According to the above findings, the majority of the selected websites had a positive/neutral attitude to flu vaccination. They distinguished themselves from the adverse ones by some revealing features: firstly, greater transparency, in relation to more frequent declaration of the sources of funding; secondly, greater credibility, since in a statistically higher percentage of cases explicitly declared the website mission and the public to whom the information is addressed. In addition, their content always adhered to their stated mission (not the same for adverse websites) and they more frequently declared the owner’s name and credentials. Furthermore, they were characterized by higher data and privacy protection and by more professional appearance and consistent design. Lastly, they showed a significantly higher amount of copyrighted information, which can be considered as an expression of responsibility for content.
The quality of the information provided by pro/neutral websites was generally satisfactory. In particular, adherence to the gold standard was optimal, whereas data about completeness were less satisfactory, especially on websites dealing with seasonal flu vaccine.
The presence of information about vaccination period, risks and contraindications was statistically higher for the seasonal flu vaccine compared to the H1N1 vaccine, so it is possible to assume that the set of information available on the Web about the former is more exhaustive and scientifically structured. Completeness of the information about contraindications was also better for the seasonal vaccine, while information about doses was more complete for the H1N1 vaccine.
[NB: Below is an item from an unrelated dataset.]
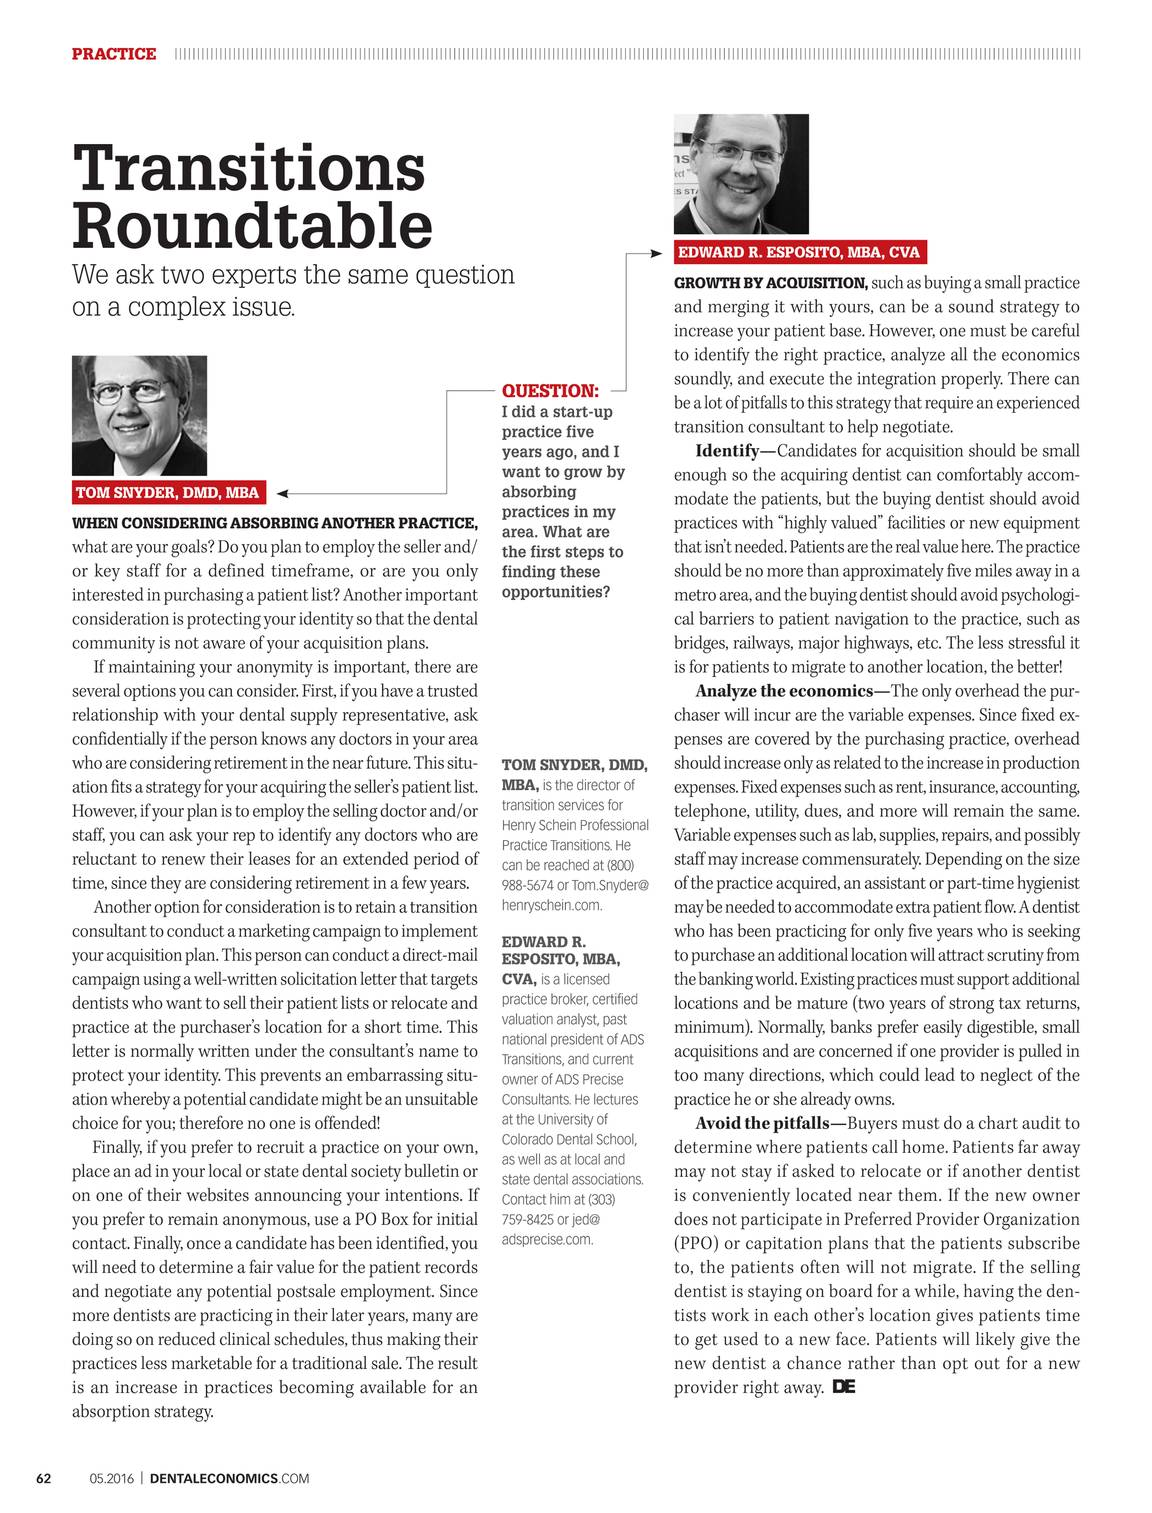 Dental Economics - May 2016 - page 63

Previous studies have pointed out that the influence of Internet information on risk perception, decision process and hence vaccination behaviour does not always act in a conscious way; the fact that individuals do not admit to considering the Internet a reliable source does not necessarily mean that it does not influence their choices [22, 23]. Based on the above results, the way adverse websites were formulated seems to be consistent with the purpose of influencing the readers’ attitude towards vaccination. Some arguments were often repeated: danger of vaccine due to adverse affects and toxic constituents, economic interests driving vaccination policy (the “plot theory”), unreliability of institutional medicine. Furthermore, a narrative form widely prevailed. Such personal and emotional narration, frequently regarding children and performed between parents, has been proved to be a critical factor of the effects of antivaccinationist information [5, 23], since it works on readers’ emotions and fears.
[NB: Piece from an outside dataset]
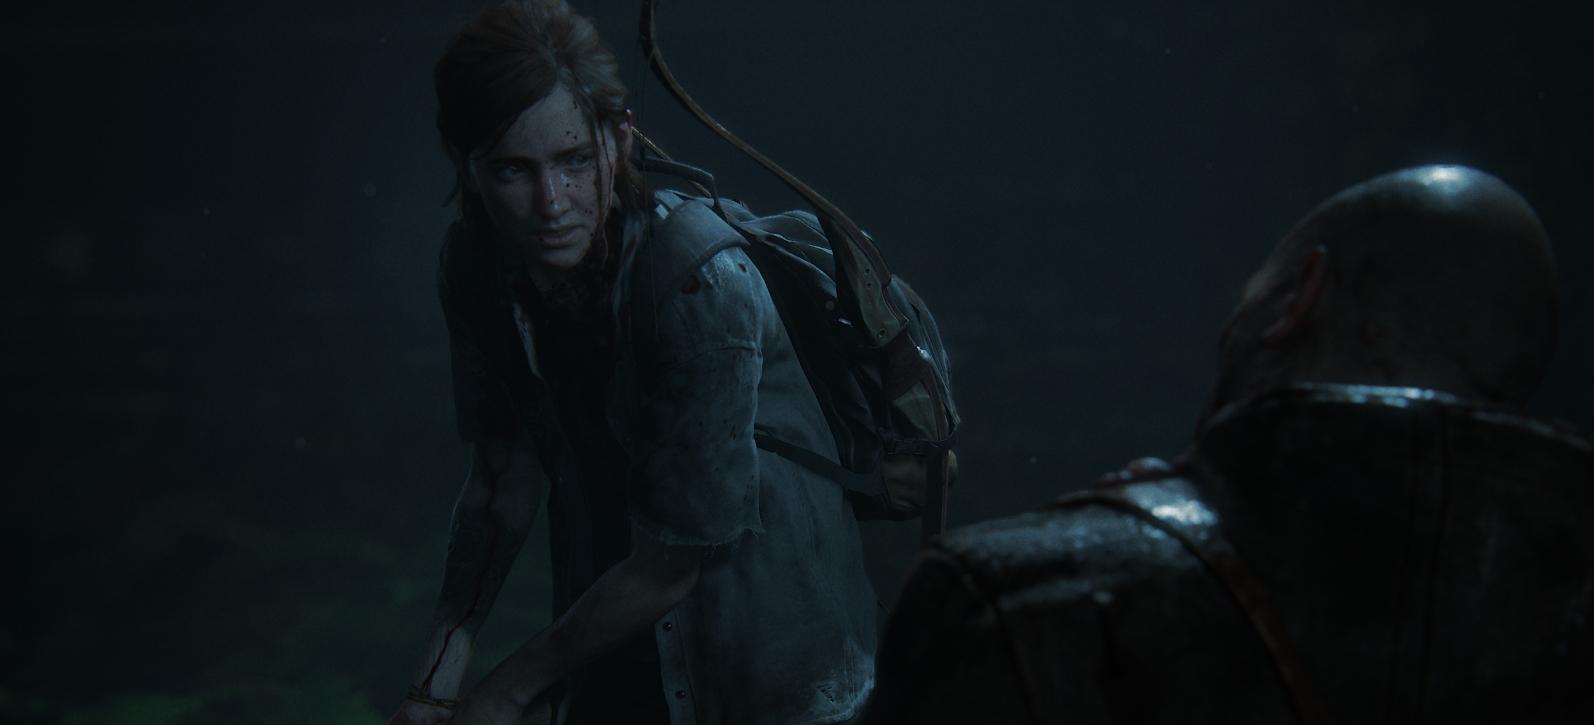 Ellie facing an enemy in the last of us 2

Search engine ranking refers to the position at which a particular occurrence appears in the results of a search engine query. As a consequence, it is closely connected with visibility to users.
Differences were highlighted in the kind of results provided by the search engines. In particular adverse websites were shown on the first page by Google only, and Yahoo results were characterized by a higher presence of institution (.gov extension) in the first positions, which we expect to contain a more reliable information .
Page rank is a crucial factor based on what can be called “the internet paradox”: although the Web contains virtually unlimited information, it has been observed that users generally do not go beyond the first page of search engine results and have a low tolerance of going in depth through what is retrieved .
One particular strength of this study is that we performed a broad-spectrum analysis on different levels: visibility according to page ranking, analysis of the websites and analysis of the information provided, choosing for websites with opposing attitudes to flu vaccination the methods which most suited their features.
One limitation of the study is intrinsic to the Internet: information on the Web is constantly changing, whereas we analysed the Web pages which were available at a particular time. Since we carried out website selection in autumn 2010, some months after the flu pandemic peaked, we realise that page rank may well have changed in the meantime, as the topic was becoming of less pressing actuality.
Secondly, our assessment of the information provided using different methods of analysis, based on the websites’ attitude towards flu vaccination, was due to the very nature of the information. Actually, there was an extreme difference in the way pro/neutral and adverse websites were structured. Adverse websites, far from providing a structured set of information, as the pro/neutral ones did, showed a prevalence of narrative form, rich in dramatic personal experiences which were generally related to adverse reactions to the vaccine. The use of a fixed analysis scheme would have prevented us from assessing the highly intriguing topics and theories used by antivaccinationist authors to support their attitude and spread it among the people.
Moreover, Web 2.0 was excluded from the analysis. This was due to its extremely dynamic structure, which requires specific analysis strategies and makes it impossible to univocally assign an attitude to several comments, made by as many authors, on the same Web page.
Web 2.0 is continuously expanding and it is becoming a common way to obtain health information. Even important health institutions such as the CDC use the new communication tools, like mobile phone applications, in order to spread information among the population. We therefore suggest that a possible future development of the research could interestingly extend it to this area of the Internet, also in view of strategically exploiting its potential by the public health authorities.
Furthermore, we decided to limit the research to the two most commonly used search engines (Google.com and Yahoo.com), although others, such as Bing.com and Ask.com, are also very popular , and to a limited set of key phrases.